Desde mi cama de hospital, veré la vida como algo que acontece afuera, en un mundo del que fui excluido.
Mirando el azul intenso del mar, acariciado por la brisa templada y suave del Mediterráneo, sentiré -por el contrario- que la vida está siendo generosa conmigo.
Incluso saboreando un simple café, sentado a una mesa en la vereda de cualquier calle de alguna ciudad que me guste, sentiré que -serenamente, y sin estridencias- estoy formando parte de la dulce comedia que me parecerá la existencia. Aunque lo haga como un actor secundario, casi como un extra. Sentiré igual que estoy en la trama de la vida.
Así funcionamos las personas. De carne y hueso, nunca lo olvidemos. Pero también de mente y alma. ¿Qué sucede cuando en el afuera LA realidad es muy distinta de NUESTRA realidad?
¿Y qué pasa cuando la desventaja está afuera? ¿Cuando sabemos que otros padecen, que otros carecen, que otros apenas sobreviven? En algún momento de nuestras vidas, tomamos conciencia de que no todo el mundo tiene primavera, tal como lo dijo bellamente un poeta que asoma en mi memoria. Cierto es que a algunos esto les sucede a los pocos minutos de nacer, y a otros no les sucede nunca.
Pero tomando distancia de estos extremos, ¿qué nos pasa a los simples mortales, a la “buena gente”, cuando hacemos conciente la existencia del dolor ajeno? Se nos instala una suerte de miopía mental, que desmienta la sensación de finitud, de fugacidad, de precariedad de todo. Si la desgracia golpea cerca, acusamos su presencia. Pero sólo si golpea cerca. No obstante, aunque no la veamos, sabemos que existe. Intuimos sus formas, oímos sus ecos, percibimos sus olores.
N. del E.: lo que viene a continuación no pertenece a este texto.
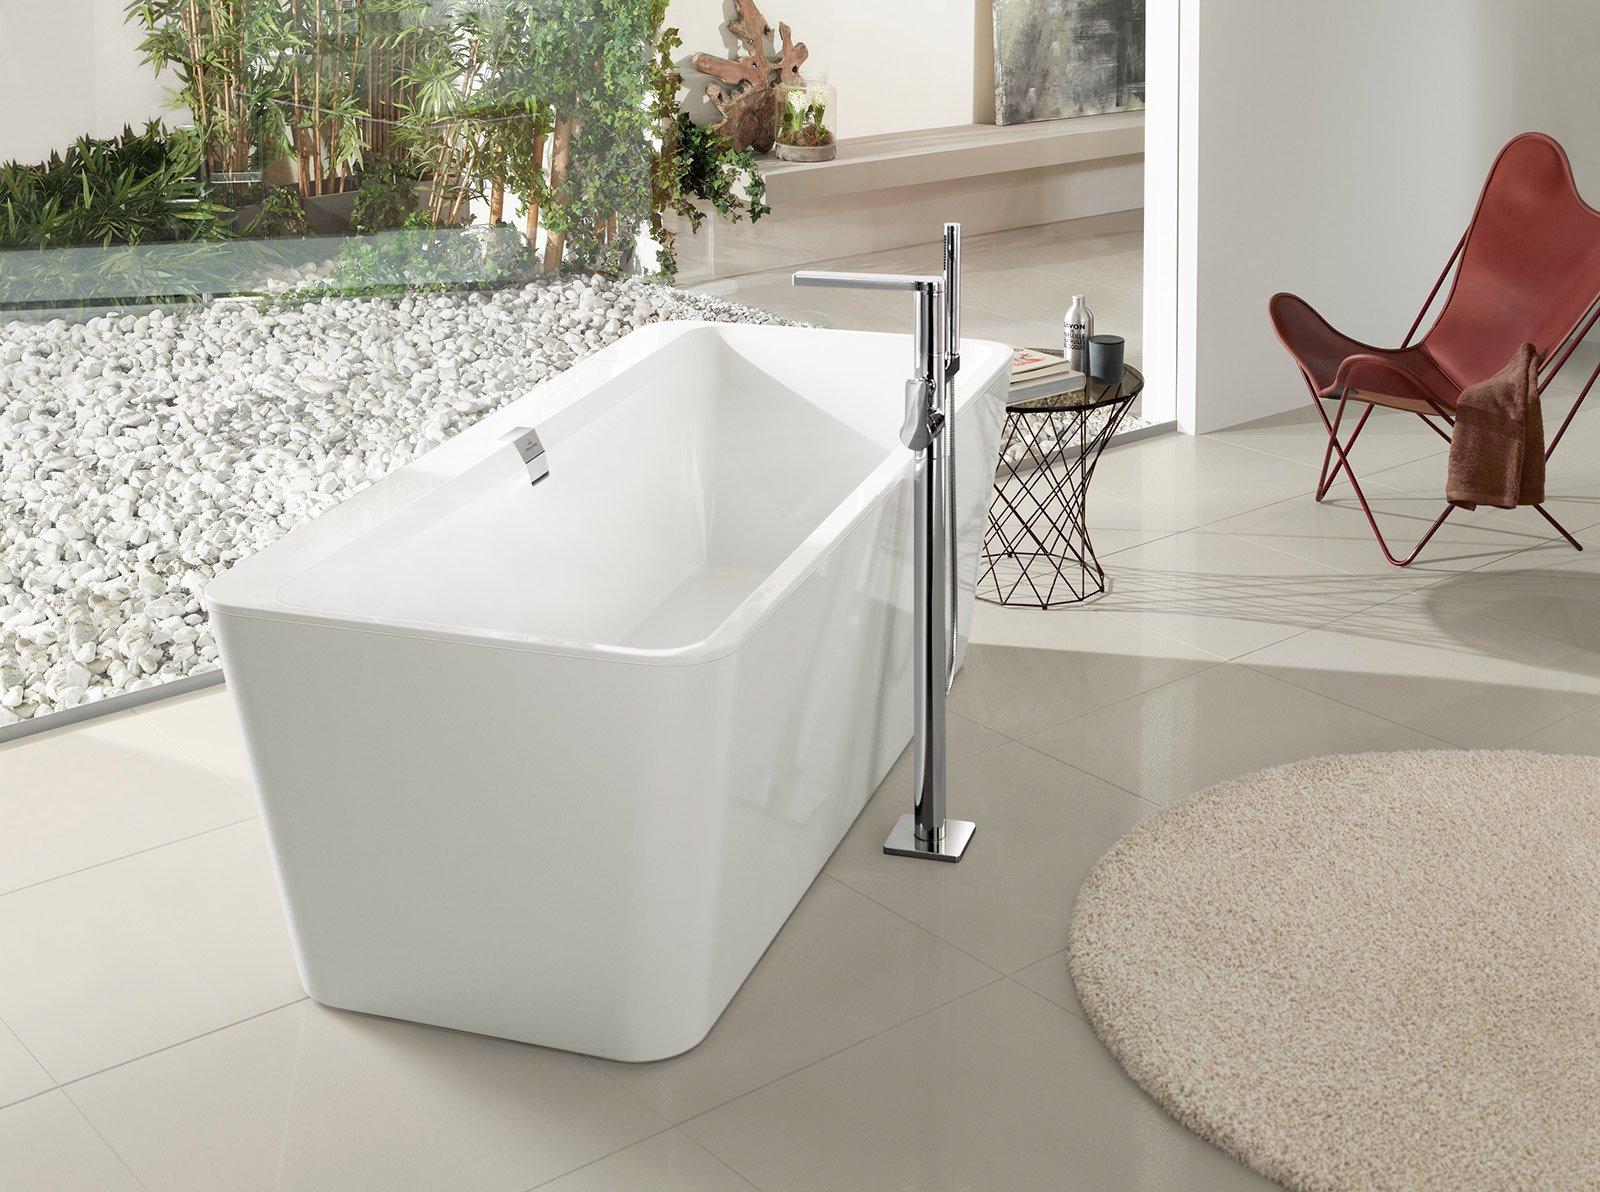 Vasche da bagno novit del cersaie 2013 cose di casa - Vasche da bagno rotonde ...

En ese contexto, ¿podemos ser felices? En todo caso: ¿completamente felices? ¿Qué lugar digno podemos ocupar los que no somos ni Gandhi ni sor Teresa? ¿Ni Einstein ni Madame Curie? ¿Serviría de algo resignar nuestra cuota de felicidad? No nos engañemos. La cultura de la culpa, del sacrificio, de la renuncia es, por sí sola, un camino estéril. Sería pura cáscara, alimento tranquilizador. Si tanto nos duele el dolor, hagamos algo. Todo lo demás, es un engaño. ¿De qué sirve negarnos el placer, las ganas de reír, las ganas de vivir? ¿A dónde van a parar las sonrisas que no se dibujan en nuestro rostro? ¿Las que no provocamos en el otro? ¿Las caricias que no damos ni recibimos? ¿El placer que no experimentamos? ¿A quién le sirven? Creo que a nadie. La verdadera felicidad de uno, la genuina, la legítima, nunca existe a expensas de la felicidad de otros. Cuando sucede así, no puede ser calificada como felicidad.
Aceptémonos como humanos. Trabajemos por crearnos un microcosmos agradable y feliz. Hecho de la ternura y la tibieza cotidianas. Aceptemos la pequeña dosis de negación que necesitamos -como seres débiles que somos- para poder seguir adelante sin que nos fagocite el nihilismo. Y, en todo caso, encausemos nuestra sensibilidad, nuestra responsabilidad, en definitiva, nuestro amor, por vías útiles, concretas.
Desde ese lugar, tratemos de abarcar al que sufre, al que adolece. Al que huye, al que teme. Al que sólo conoció el odio, al que nunca conoció el amor. Al que murió luchando por una causa justa y al que claudicó sin saber por qué. Al final de cuentas, todos somos peregrinos en esta misteriosa existencia, y cualquiera de esos destinos podría ser el nuestro.